第6章 禁じられた遊び
叫ぶ麻衣を階段に座らせたぼーさんは、麻衣の頬を両手で軽く叩いた。
「ナルを信じろ。ナルがおれたちの期待を裏切ったことがあるか?」
「だって……」
「あるか?」
「───……ない……」
「だったら信じろ。大丈夫だ」
「でも」
「あの中には安原少年だっているんだ。おれが心配じゃないと思うのか?」
ぼーさんの優しく力強い言葉に、麻衣の瞳から涙が溢れだしていた。
「……うん……」
「……いい子だ」
あたしは麻衣に近付くと、頭を撫でてあげる。
すると麻衣はあたしに勢いよく抱きつき、押し殺したように泣き声をあげた。
そんな麻衣を落ち着かせるように、宥めるように背中を優しく撫でる。
「大丈夫だよ、麻衣。大丈夫」
そう言ってるあたしも、ナルに『人殺し』と言いそうな気分になっていた。
ぼーさんの『ナルがおれたちの期待を裏切ったことがあるか?』という言葉がなければ、きっと不安な気持ちが大きかったはず。
そして、麻衣を落ち着かせなきゃという気持ちがなければあたしはナルにもっと酷い言葉を浴びせていただろう。
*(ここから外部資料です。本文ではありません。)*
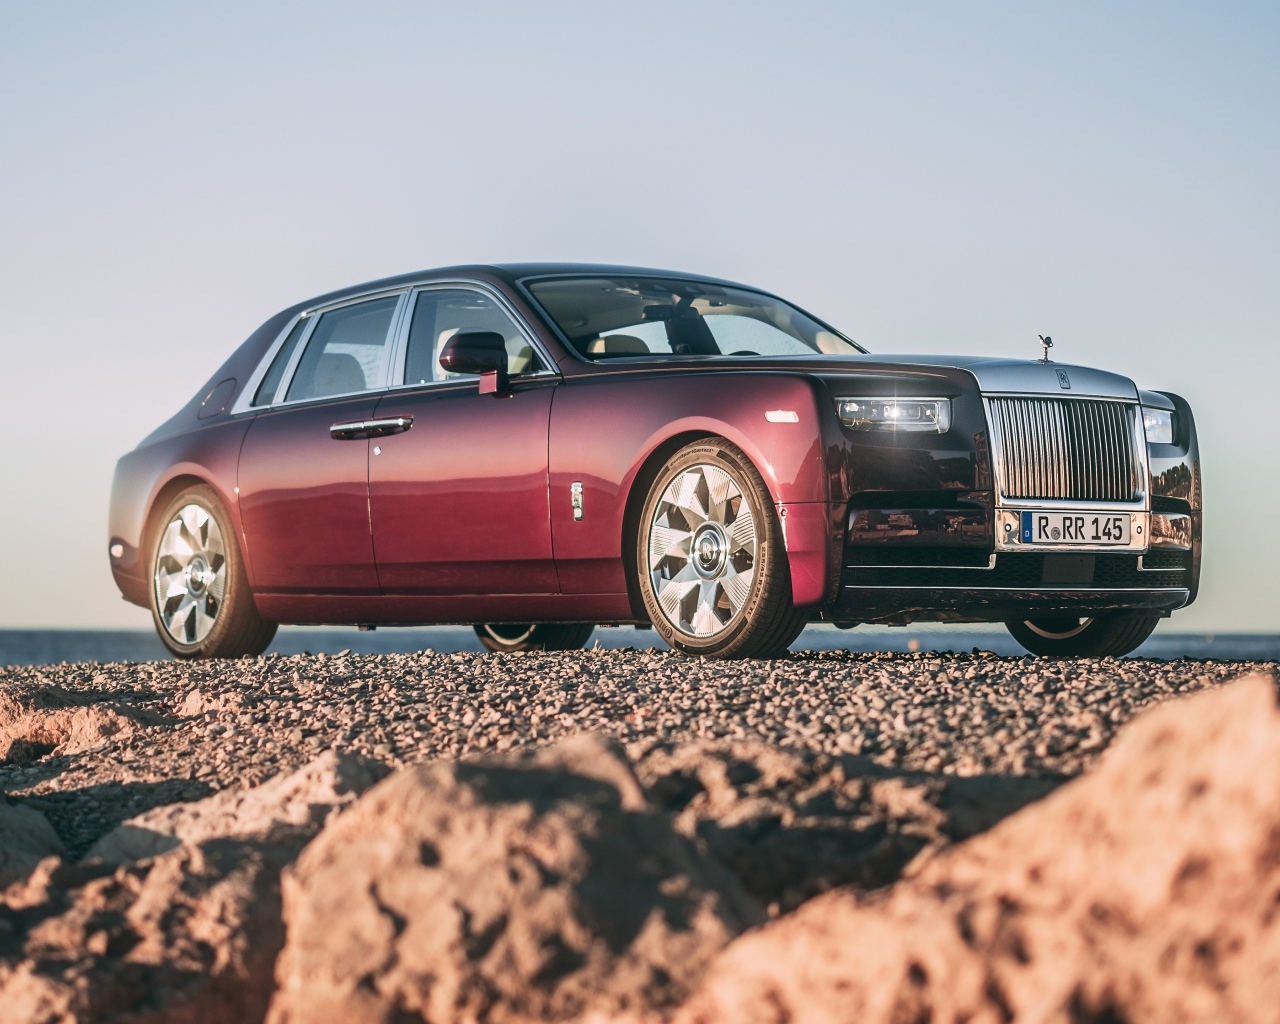 Автомобиль Rolls-Royce Phantom на песке

自分は麻衣の『お姉ちゃん』という思いがなければ、踏みとどまれていない。
(……冷静でいなきゃ。あたしは、お姉ちゃんなんだから)
数分経った頃だろう。
麻衣の背中を撫でながらことが終わるのを待っていると、会議室の扉が開いた音と、話し声が聞こえてきた。
「……おわったの?本当に!?」
「ああ」
ナルの言葉を聞いたあたしと麻衣は顔を見合せてから、勢いよく階段を降りていく。
「結衣、麻衣!!」
ぼーさんの制止する声が聞こえたが、それを無視して体育館まで走った。
静まり返っている体育館に不安な気持ちを抱きながらも、麻衣と共に勢いよく扉を開けて唖然とした。
「……どうした。いったい、どうなって───」
後を追いかけてきたぼーさんは息を切らせながら、体育館を見て同じように唖然としていた。
体育館の中には人型が散乱していた。
名前が書かれている人型が恐らく百以上ある。
「───これ……人型……?」
「こんなに、いっぱい……」
「だって、さっきは確かに生徒が……!」
一つの人型に手を伸ばし、それを拾いあげようとすると手の部分が落ちてしまった。